Cleveland Clinic Abu Dhabi (كليفلاند كلينك أبوظبي, CCAD) is a hospital located in Abu Dhabi, United Arab Emirates (UAE). It has 411 beds. The hospital opened in May 2015 and is part of the M42 Group. It serves as a medical campus providing a range of specialised medical and surgical services, including transplant medicine and critical care. It is a designated Centre of Excellence for adult cardiac surgery, stroke, and adult multi-organ transplants, and is accredited for continued medical education.

==History==
Cleveland Clinic Abu Dhabi was established through a partnership agreement signed in 2006 between Mubadala Development Company and Cleveland Clinic. The partnership was intended to establish an academic medical centre in Abu Dhabi based on Cleveland Clinic's model of care.

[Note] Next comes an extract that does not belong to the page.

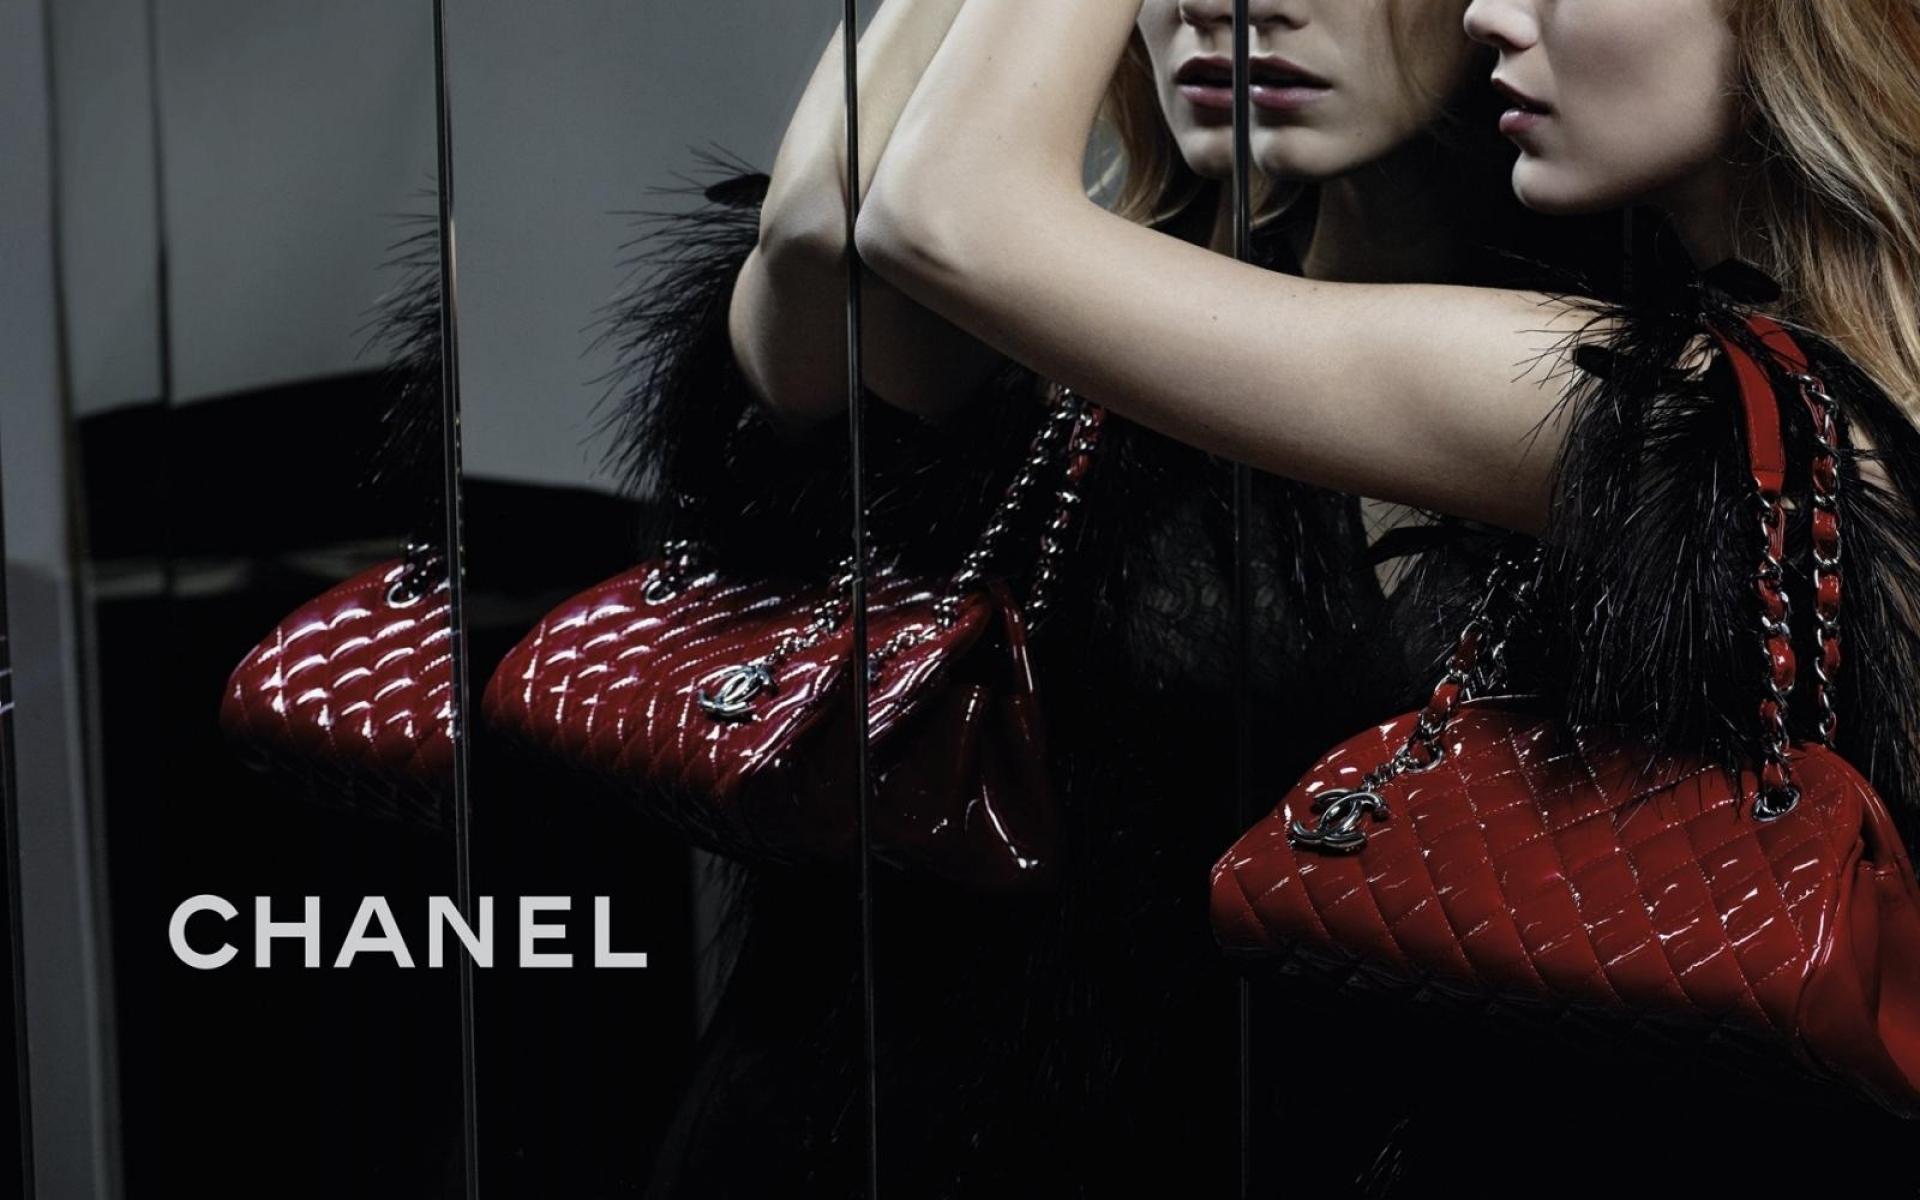 Картинки Chanel, девушка, фото и обои на рабочий стол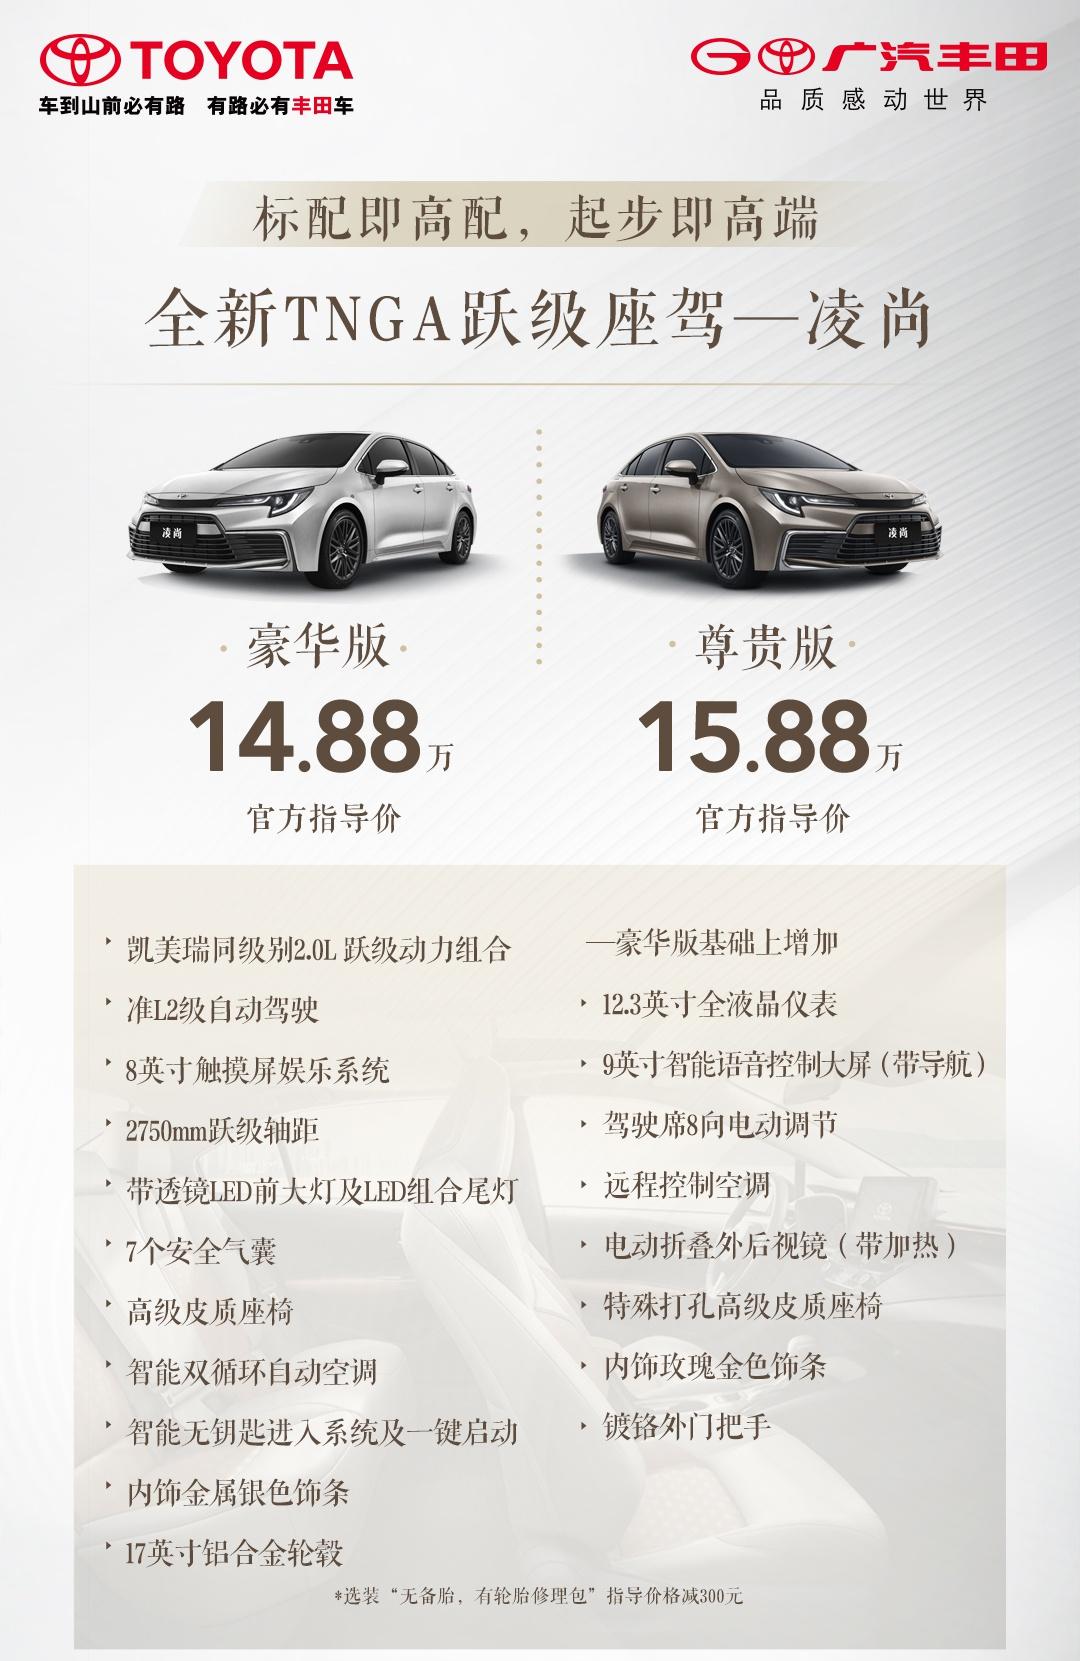 售价14.88万元起 广汽丰田凌尚正式上市

Construction of the project began with Mubadala Development Company appointing Aldar Properties in 2007 as the project's development manager to oversee the design, construction, and commissioning of the hospital. HDR Architecture was selected through an international design competition as master architect and design architect for the project.

The hospital was initially scheduled to begin full-service operations for patients by the fourth quarter of 2013. The hospital's opening was delayed for another 18 months, until May 2015, due to logistical challenges faced by the massive size of the project. The building is currently the largest structural steel building in the UAE, weighing more than 30,000 tonnes.

The hospital was officially inaugurated on December 3, 2015, by the then Crown Prince of Abu Dhabi and Deputy Supreme Commander of the Armed Forces Sheikh Mohammed bin Zayed Al Nahyan.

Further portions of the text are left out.